June 12, 1998
Showings:
June 12 - Enzian (Opening Night) 7:30pm
A Merry War, which opens the Florida Film Festival, is a light and puzzling comedy adapted from the 1936 George Orwell novel entitled Keep the Aspidistra Flying. The film stars Richard E. Grant (veteran of films as diverse as Withnail and I, The Age of Innocence, and Spice World) and Helena Bonham-Carter (1997 Best Actress nominee for The Wings of a Dove). The movie is beautifully acted and filmed, with wonderful set design and costuming. It has sophisticated and witty dialogue (my personal favorite line - "I will not make love where dogs have peed."). However, the film lacks substance and truly incisive social commentary - especially given that it is based on an Orwell piece (I have not read Keep the Aspidistra Flying, so I cannot comment on the actual adaptation. Still, the film simply didn't feel like Orwell).
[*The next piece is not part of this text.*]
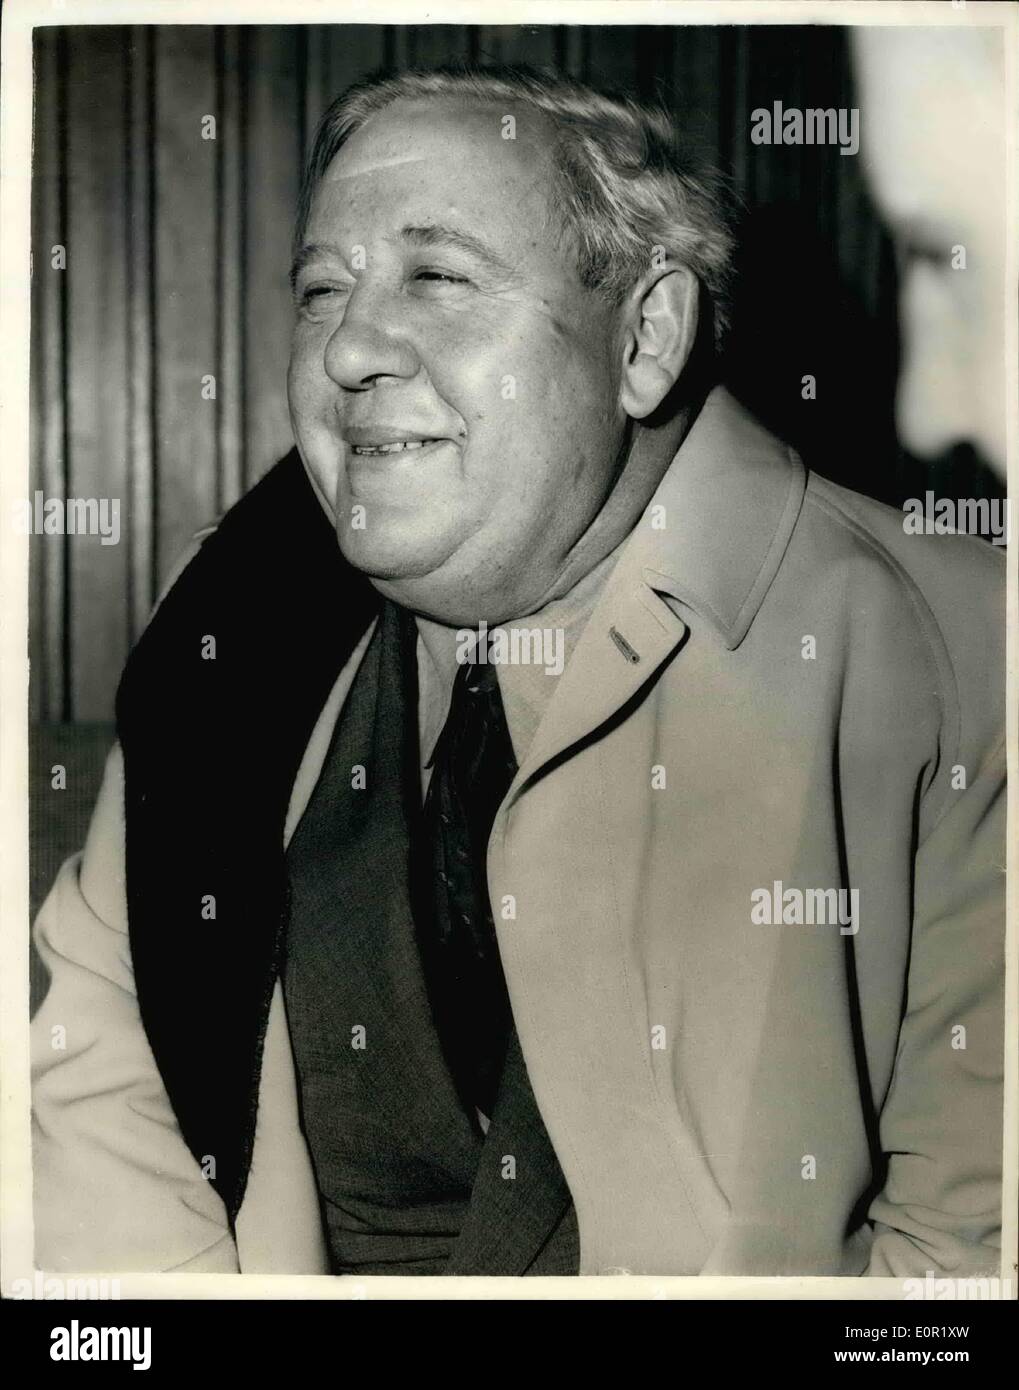 Sep. 09, 1957 - Charles Laughton arrives in London. Famous Star on ...
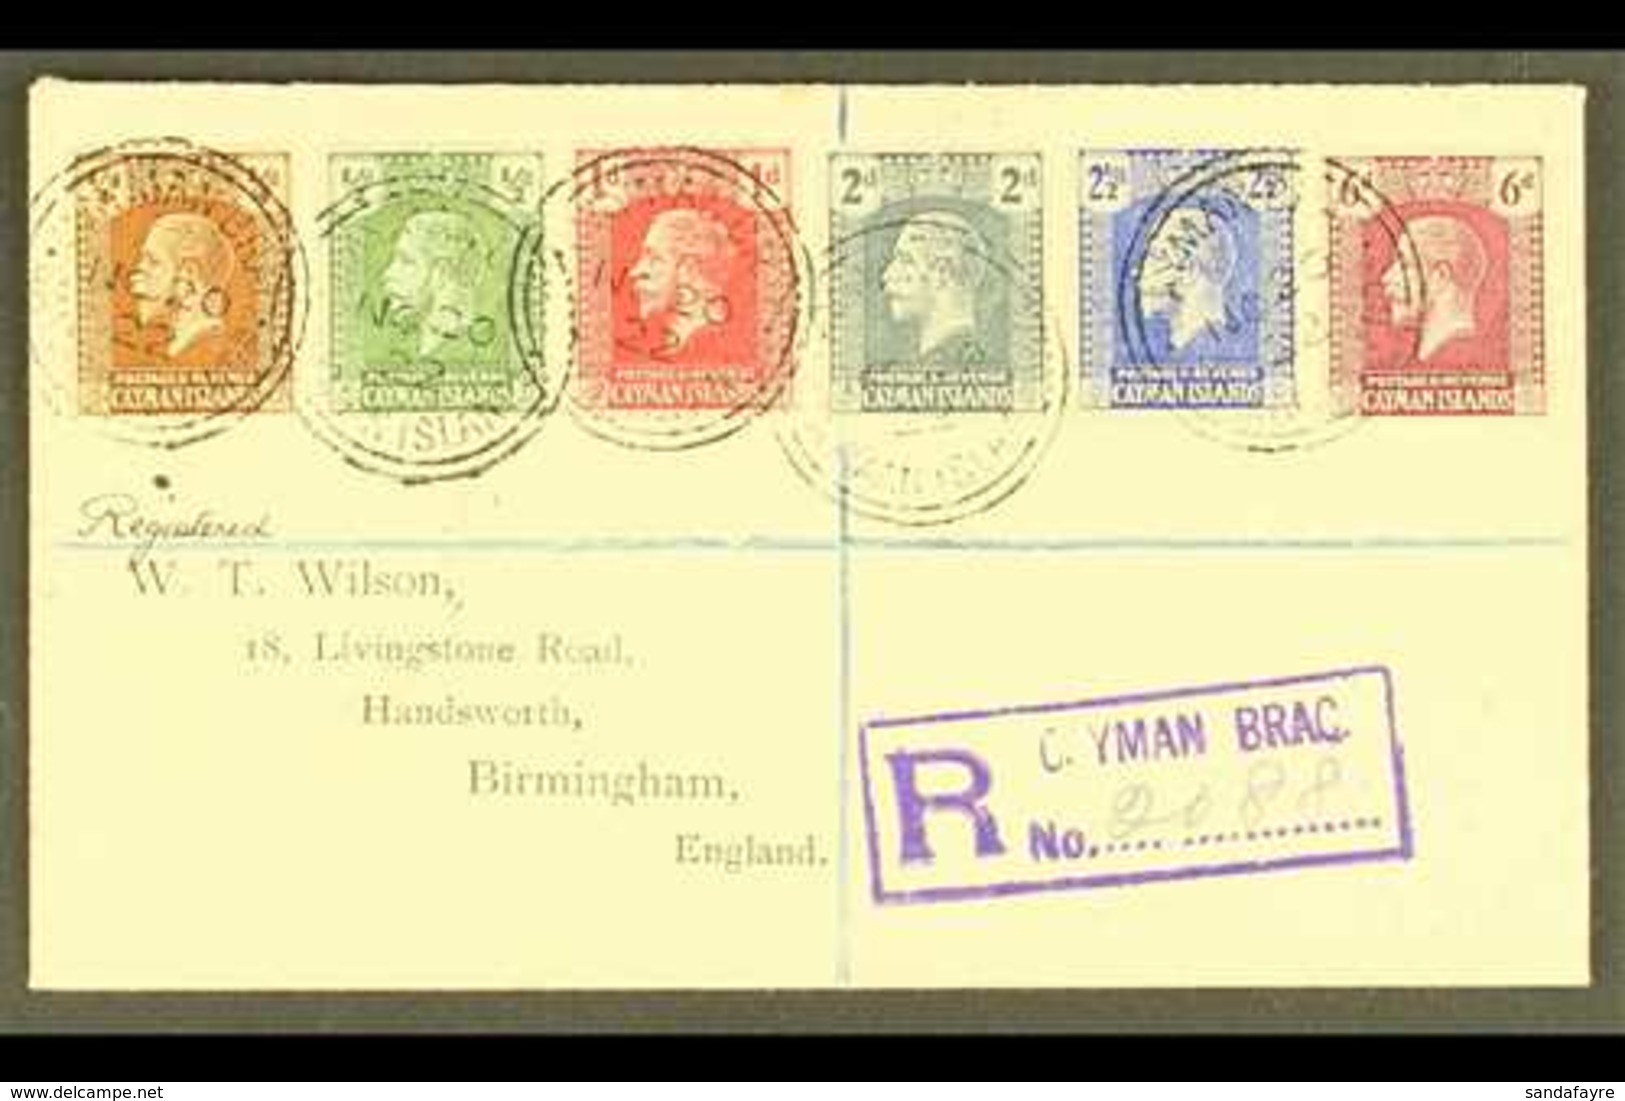 1922 (Nov) Attractive "Wilson" Registered Cover To England, Bearing 1921-26 ¼d, ½d, 1d, 2d, 2½d And 6d Tied CAYMAN BRAC  - Caimán (Islas)

It is early 1930s London, and Gordon Comstock (Grant) is an advertising copywriter. His girlfriend Rosemary (Bonham-Carter) is the graphic artist who gives color to Comstock's words. Comstock is also an aspiring poet, having published a short volume entitled Mice, for which the Times Literary Supplement has commented that Comstock, "shows great promise." Comstock's work, as noted by his rich, socialist publisher, Ravelston (Julian Wadham), is about misery. When Comstock is offered a promotion to "Head of Creativity," he impulsively quits his agency. Comstock, who abhors his middle-class status, sees the promotion as placing him irrevocably above the middle-class. Thus, "the poet Comstock" - heir to Blake and Shakespeare - dedicates his life to his art despite the fact that successful British poets must be homosexual and educated at Eton and Oxford (Comstock is none of these). Rosemary, who is realistic about her talents and her station in life, is horrified by Comstock's decision.
Comstock experiences a series of misadventures that bring him in contact with the upper-class and the working class, and at odds with "the money god." Throughout he is haunted by that most middle-class of houseplants, the aspidistra, as well as an ad campaign for "Bovex" on which he and Rosemary collaborated. The poet Comstock simply cannot escape the middle-class.
A Merry War is a great showcase for the manic talents of Grant - he is hilarious. Bonham-Carter is terrific, even if her part is somewhat small and thankless. The various supporting characters are a hoot. The director, Robert Bierman (Vampire's Kiss and the wonderful BBC/Masterpiece Theater series, The Moonstone and Clarissa) evokes sophisticated art-deco London quite well (although the film drags in parts). All in all, A Merry War is a fun and entertaining, if not quite brilliant, film.

Mary Walsh
My husband, Erik, and I are recent transplants from New England. We live
in Longwood
with our two cats, Ellie (from Damiel, the angel in the German film Wings
of Desire)
and Phineas, otherwise known as Blackie (which describes both his fur and
his soul).
Being childless, by choice, these are our substitutes, and we never miss a
chance to
discuss them as such, much to the annoyance of our friends with children.
We lead
very exciting lives, something like jet-setters, except that we rarely
travel, don't go out much and both prefer to read or watch films (although
Erik also likes professional wrestling, which he continually refers to as
our country's second great art form, after jazz).